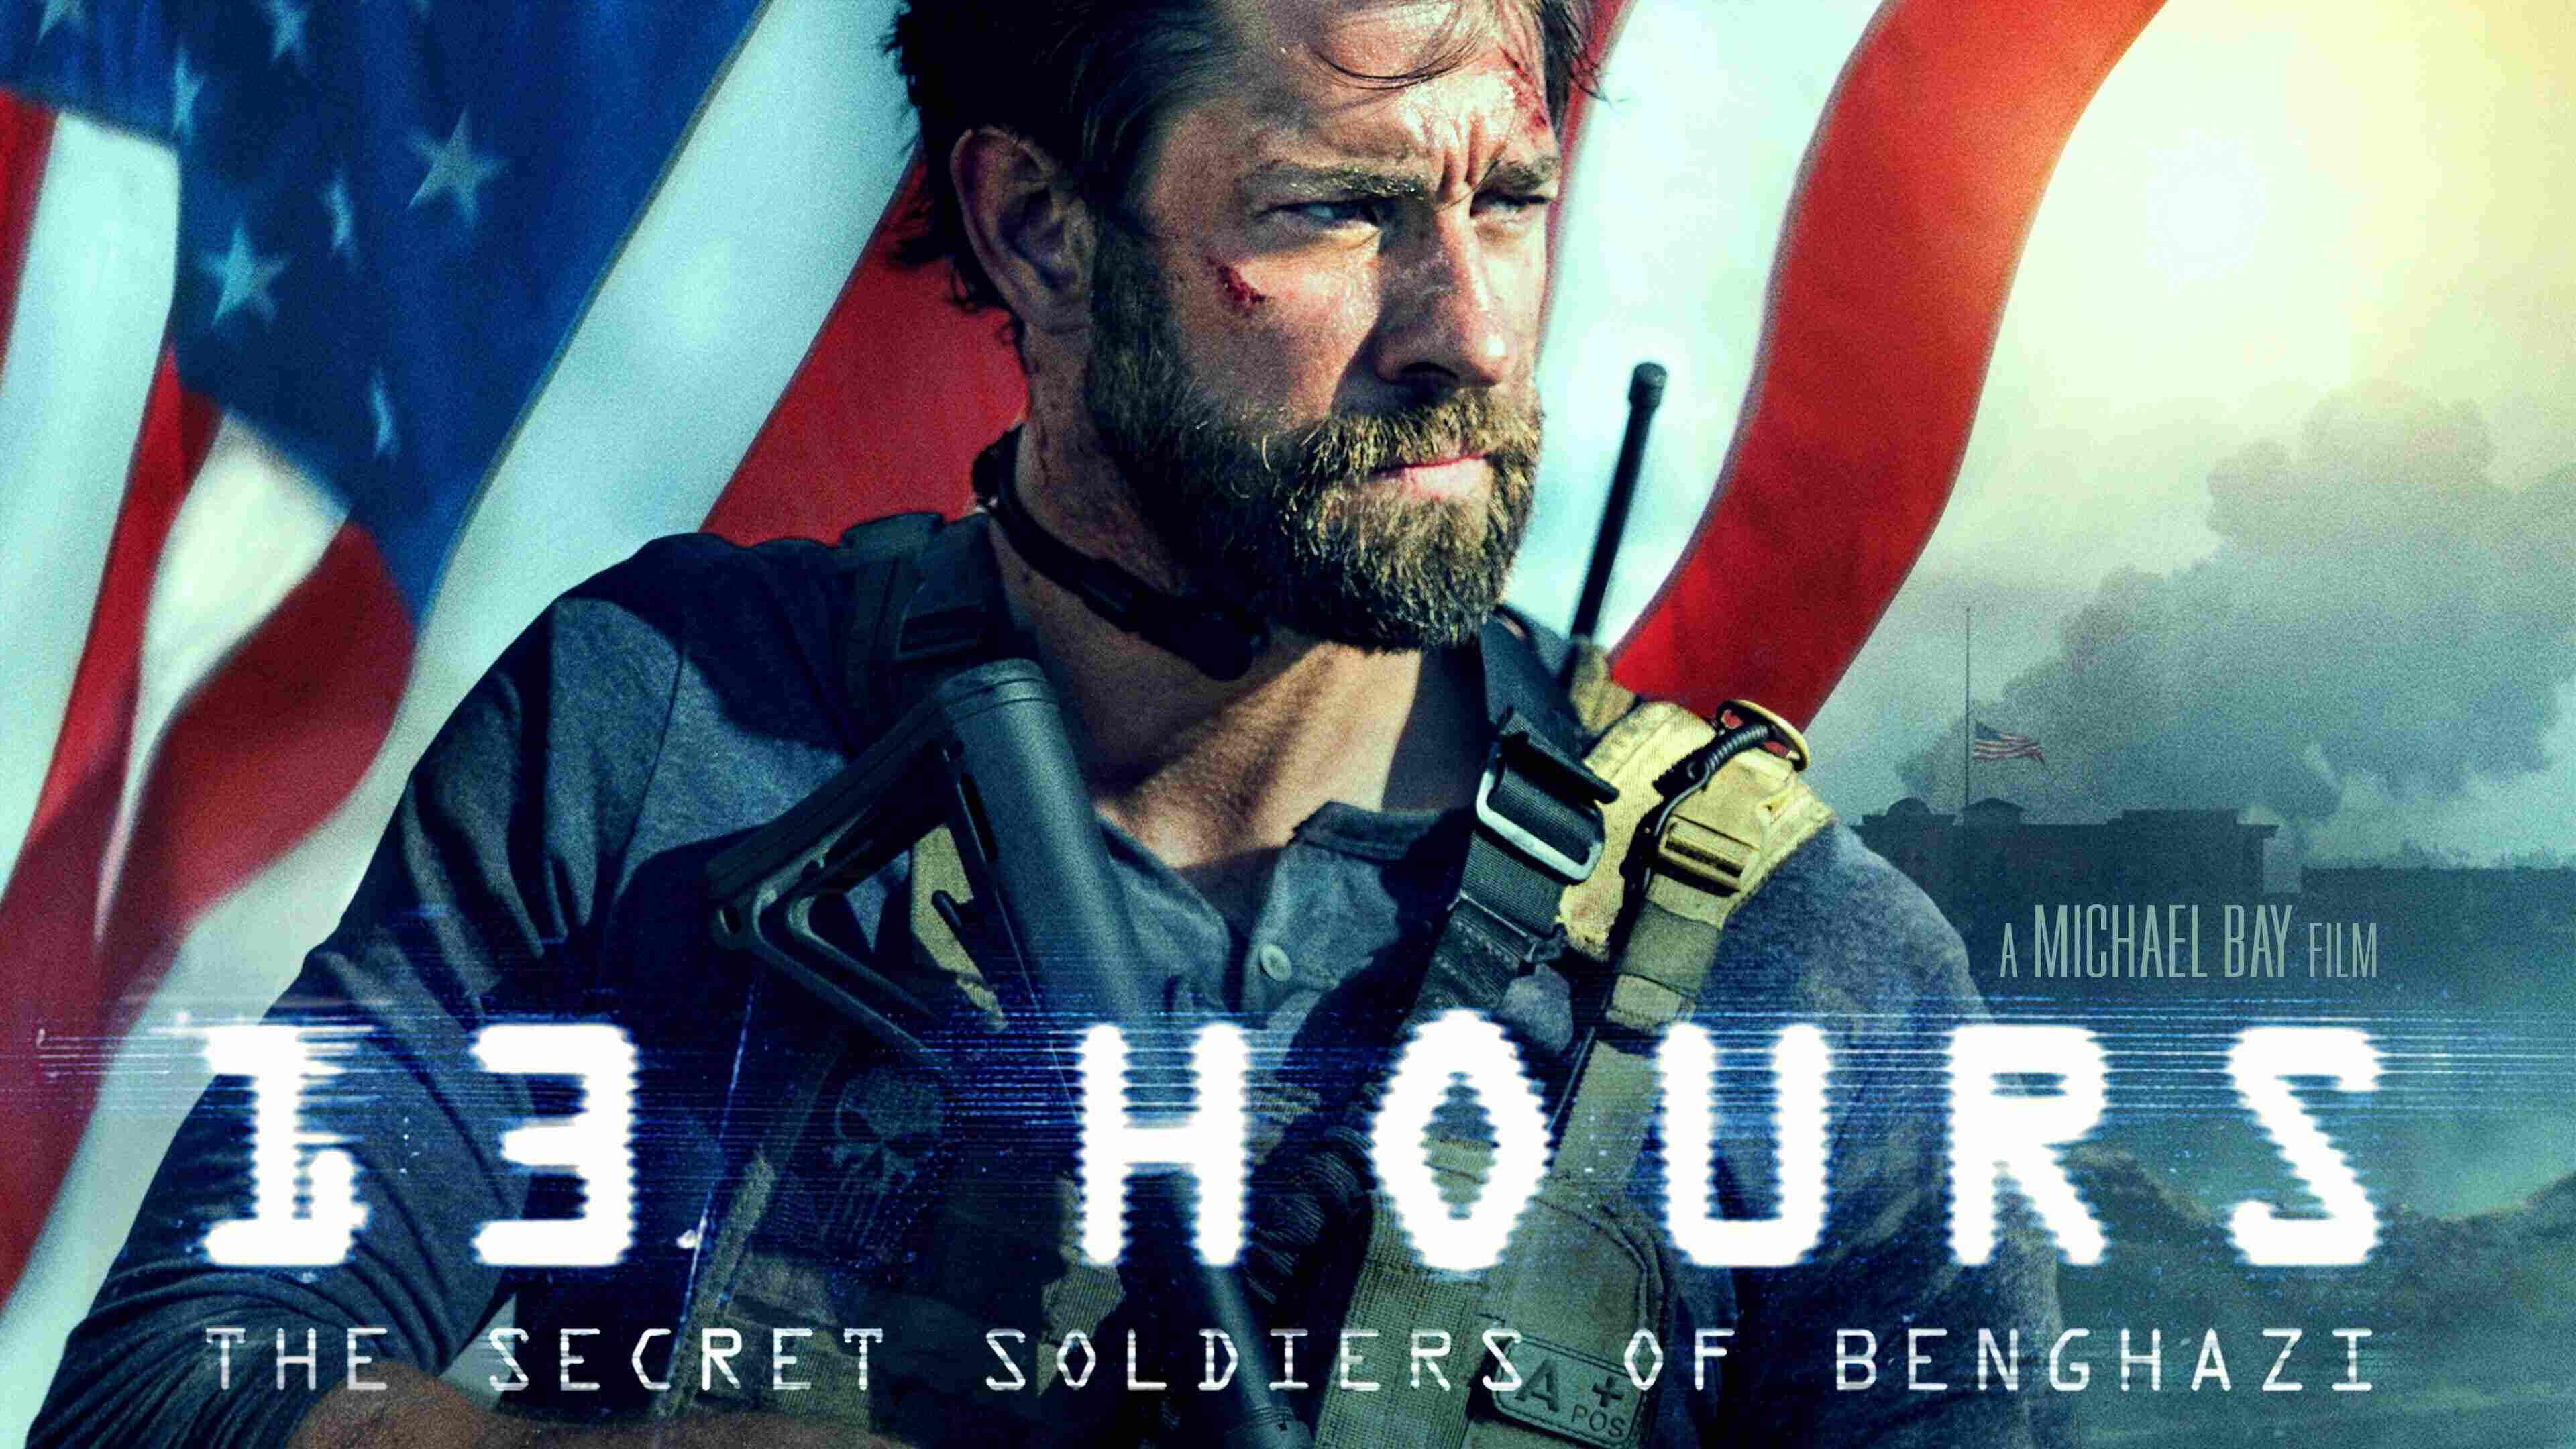 34-facts-about-the-movie-13-hours-the-secret-soldiers-of-benghazi
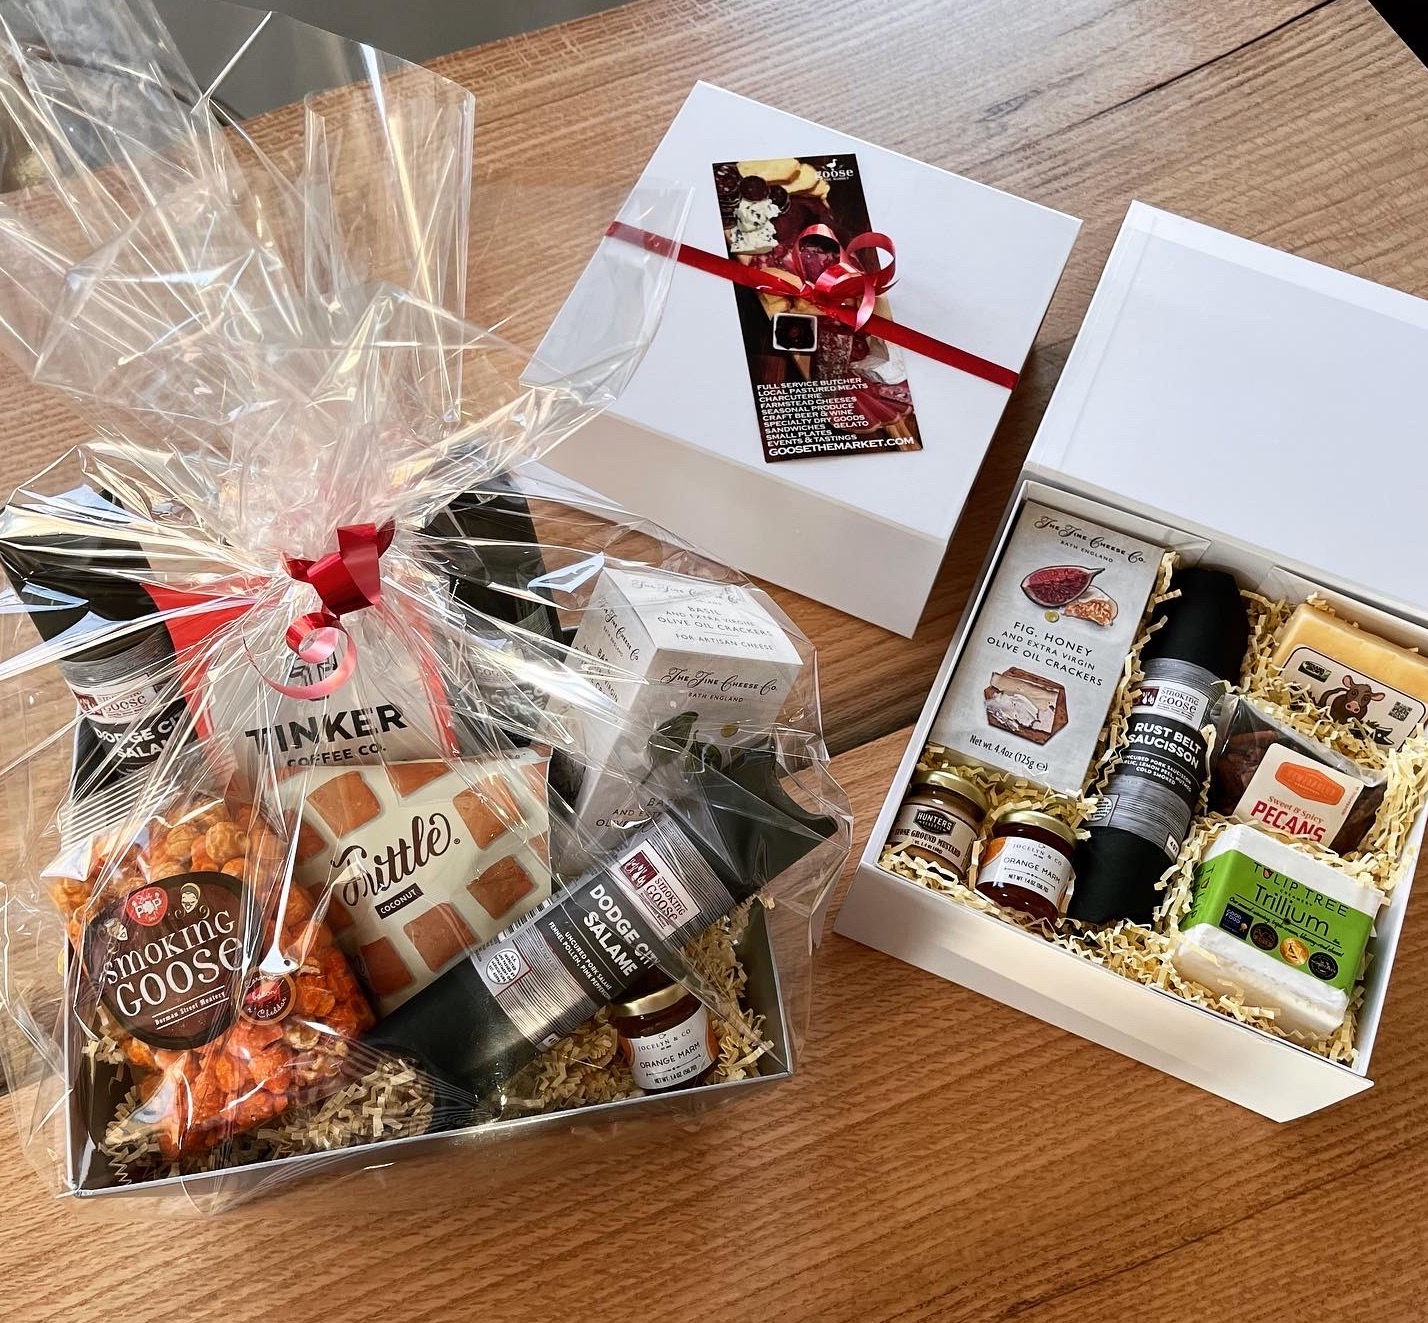 A photo of a gift basket that has different foods and spices
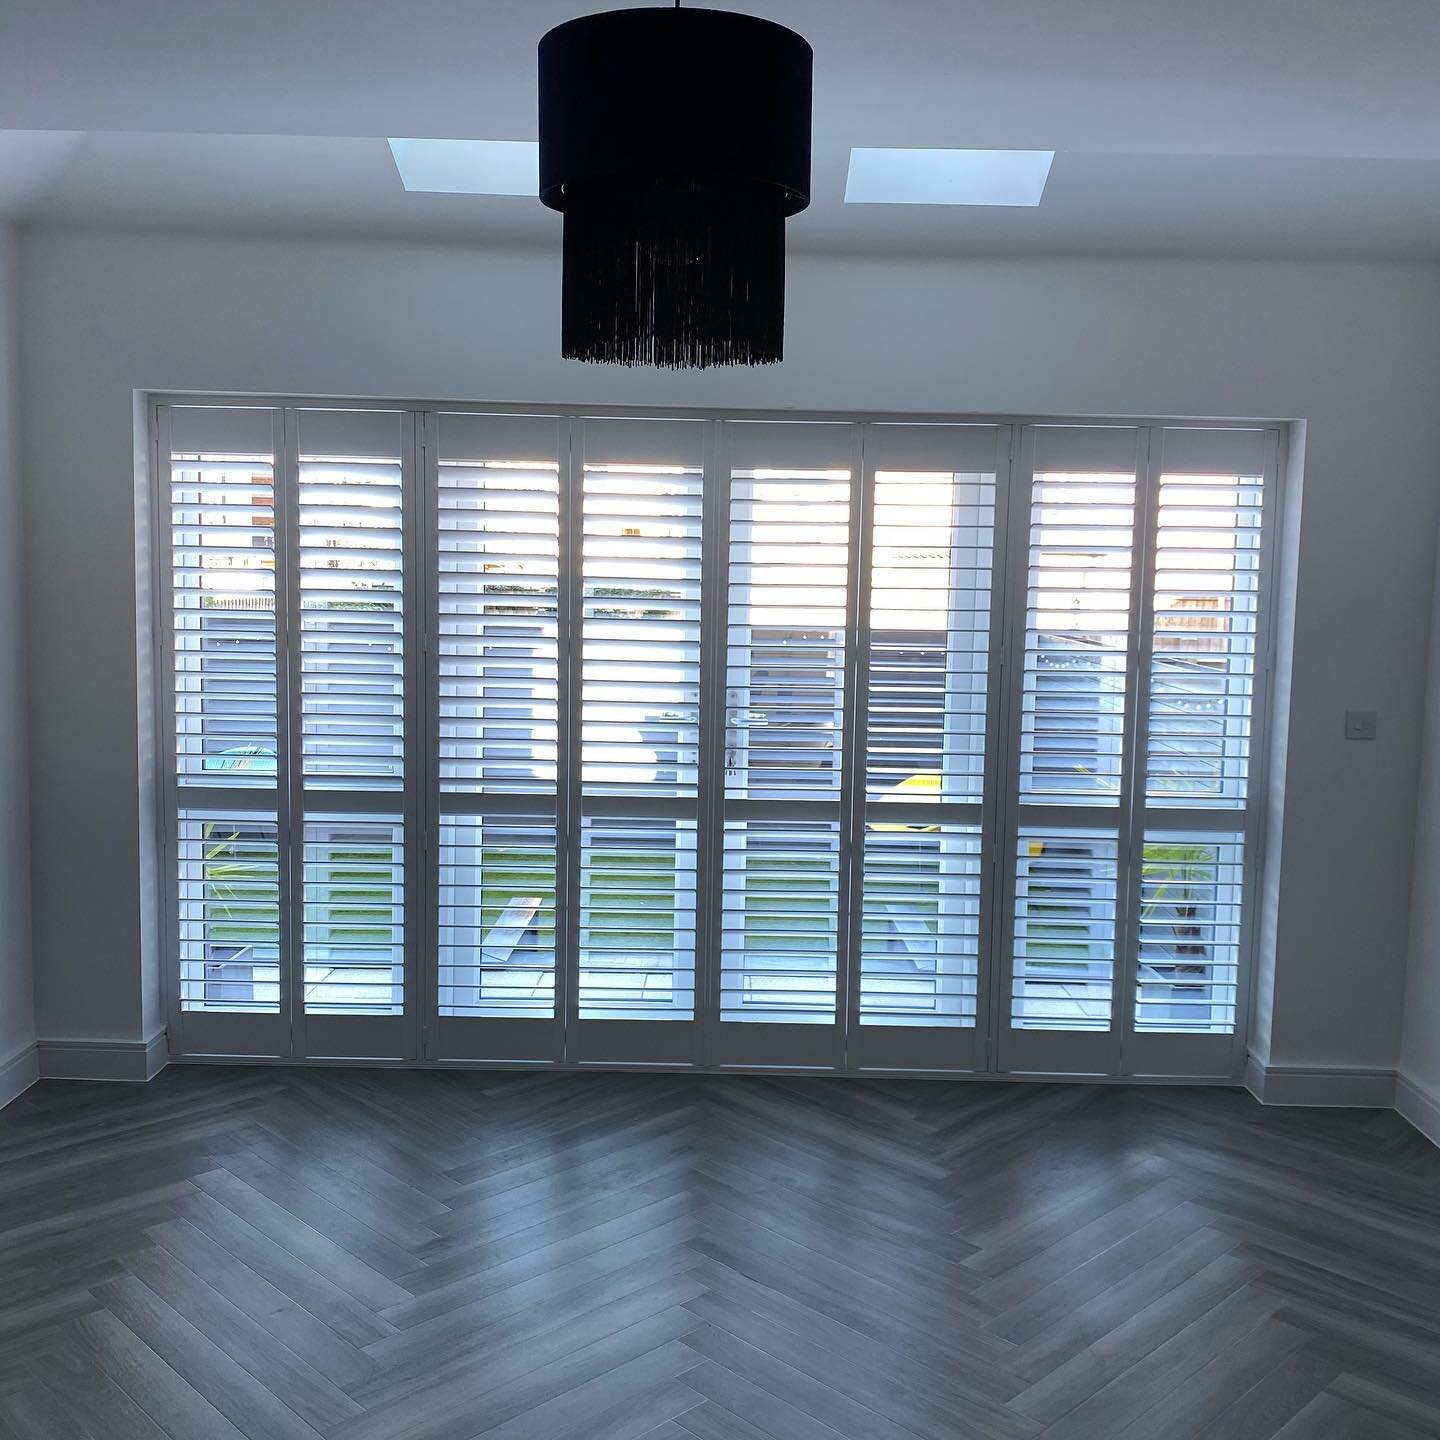 We have a few appointments left for this week. So get in touch for a free no obligation quote!! #platationshutters #noobligation #quote #homedecor #homeimprovement

● What you will do: Pictures are to be left out. Otherwise, copy the material above exactly.

● Solution to this task:
 34-facts-about-the-movie-13-hours-the-secret-soldiers-of-benghazi
 A photo of a gift basket that has different foods and spices
 We have a few appointments left for this week. So get in touch for a free no obligation quote!! #platationshutters #noobligation #quote #homedecor #homeimprovement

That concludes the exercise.